Así resultaba ser. Con apenas cinco años, Daiko era considerado el niño más fuerte entre los semejantes de su edad. Uno muy astuto… y solitario. Poca distancia había entre el gentío y su casa. Sin mostrar la agitación por su última pelea, el hijo de Vegeta ingresó por un gran hoyo que daba a la rústica sala de su hogar.

—¡Lo conseguí! —anunció, enseñando la carne arrebatada.

—Bien hecho, Daiko —lo felicitó su abuela Kendo—. Ponlo en ese pilar, donde dejé los rastreadores.

—Está bien.

—Pero lejos de la ventana —su madre Shida entró al lugar, luciendo un aspecto más maduro—. No quiero que nos vuelvan a quitar la comida como ayer.

—Eso es porque tu marido no reforzó los laterales —trató de defender a su nieto—. Supongo que debo arreglarlo de nuevo.

—Basta, madre —la miró de reojo, molesta—. Sabes cómo es él.

—¿Qué harás esta vez, abuela? —se acercó el niño, ignorando la discusión.

—Lo de siempre —habló Kendo—. Cocinar la carne, a ver si sale algo decente.

—No hay nada decente en este planeta —bufó la joven saiyajin, echándose en un mueble maltratado con los brazos cruzados bajo su cuello—. ¿Hay noticias de la frontera?

—Los Tsufur no nos venderán alimentos, hasta que acabe la tormenta —respondió Daiko.

—¡Malditos! —Kendo cortó una rebanada de un solo tiro— Nada les cuesta venir: tienen esas máquinas voladoras, ni siquiera les pedimos quedarse.

—¿Quieres razonar con idiotas? —Shida cuestionó a su madre.

—Esos idiotas nos superan en tecnología.

—De nada les vale, sin la fuerza.

—Hablas demasiado —la ignoró—. ¿Por qué no sales a la cacería?

—Vegeta no quiere. Dice que basta con lo que gana en esas purgas.

—Hmm… —fue la única respuesta de la anciana.

—¿Qué hay de mi padre? —dijo Daiko, sentándose a una distancia prudente de su madre— ¿Vendrá hoy?

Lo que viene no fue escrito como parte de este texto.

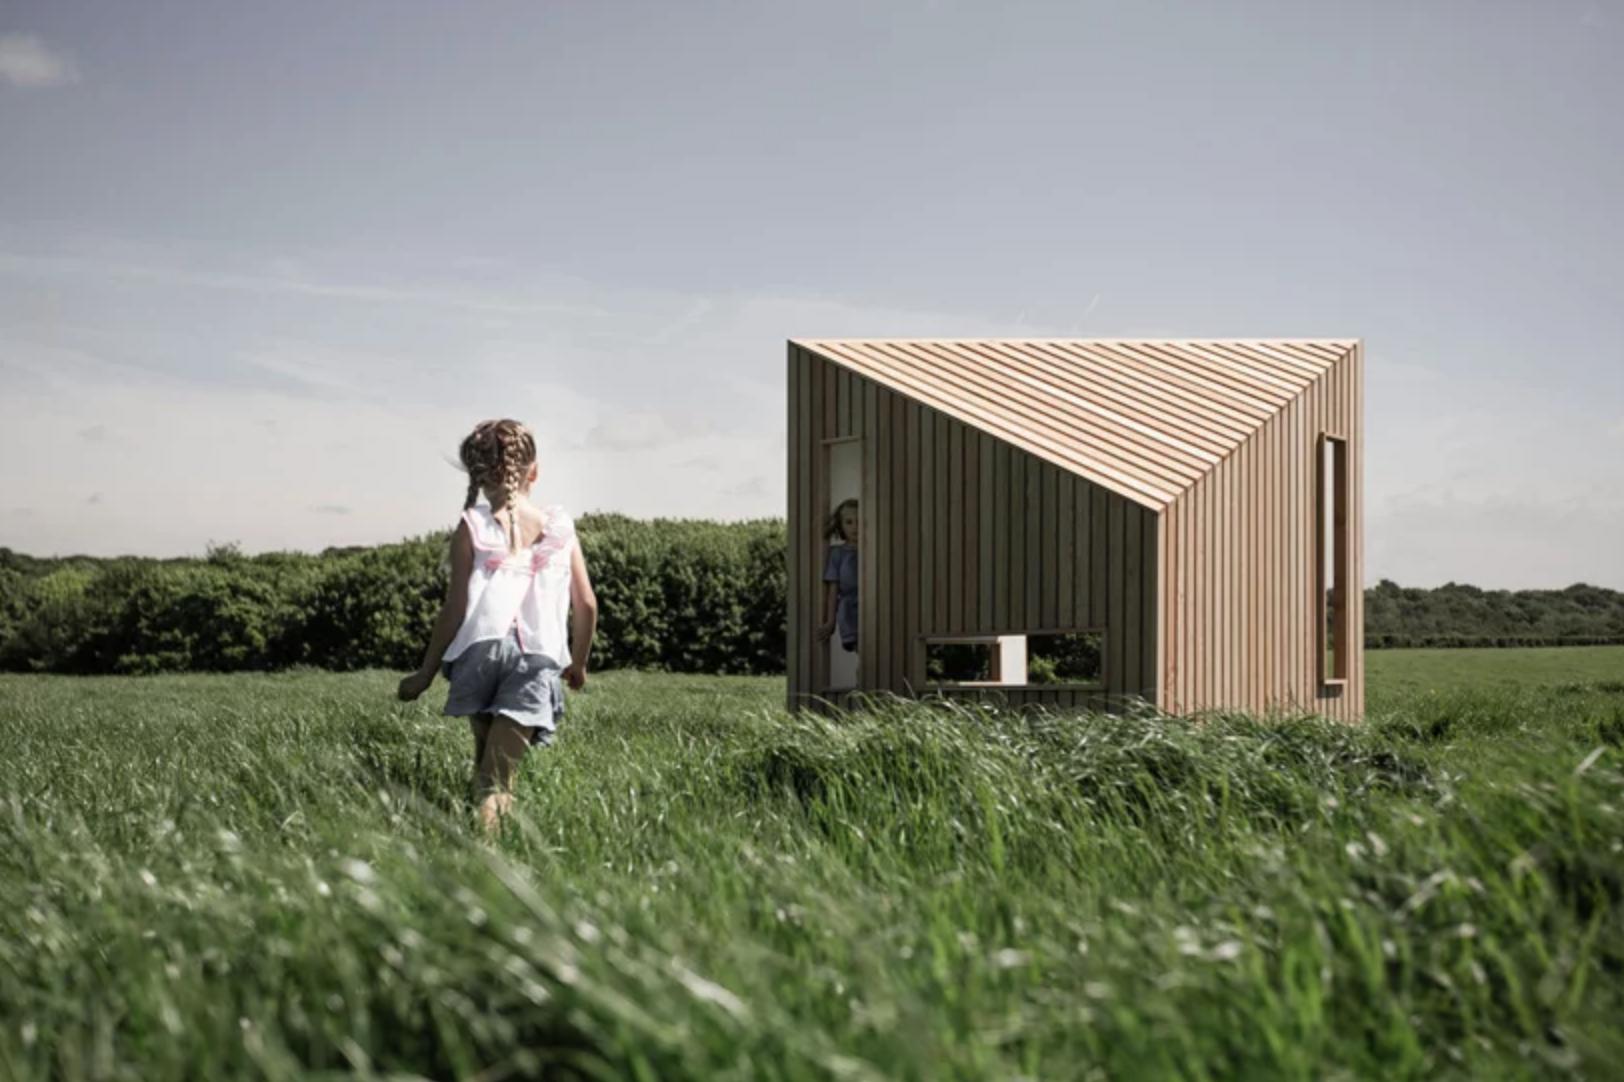 Child running to wooden cabin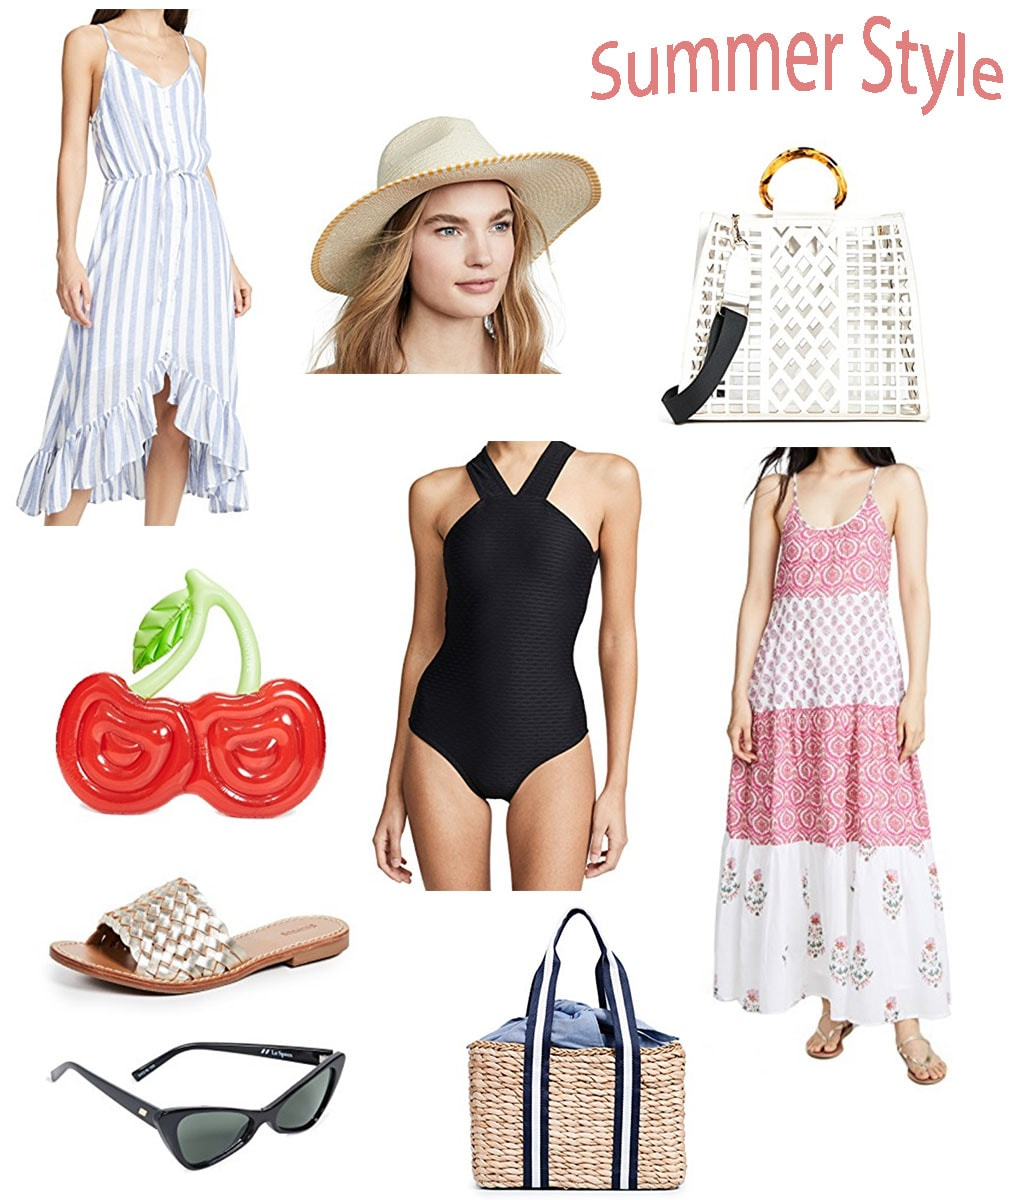 Shopbop Summer Style

—Yo qué sé, niño —se encogió de hombros—. Deja de perder el tiempo y entrena, antes de que te reproche por ocioso.

—Tengo hambre.

—¿Ves que está listo? —señaló con irónica obviedad.

Daiko volteó hacia su abuela, entendiendo por su expresión que debía guardar silencio. Era de esas ocasiones en las que su madre estaba de mal humor, sólo no entendía por qué él era el blanco de su molestia. Resignado, el niño saiyajin dejó la sala, rumbo al campo aledaño a la gran calle de la aldea.

—No seas tan dura con el chico —Kendo intervino.

—Hace preguntas tontas. Siempre está pendiente de lo que hago, sólo consigue fastidiarme…

—Es tu hijo, Shida —la encaró—. Ya tiene suficiente con el rechazo de Vegeta, para soportar el tuyo.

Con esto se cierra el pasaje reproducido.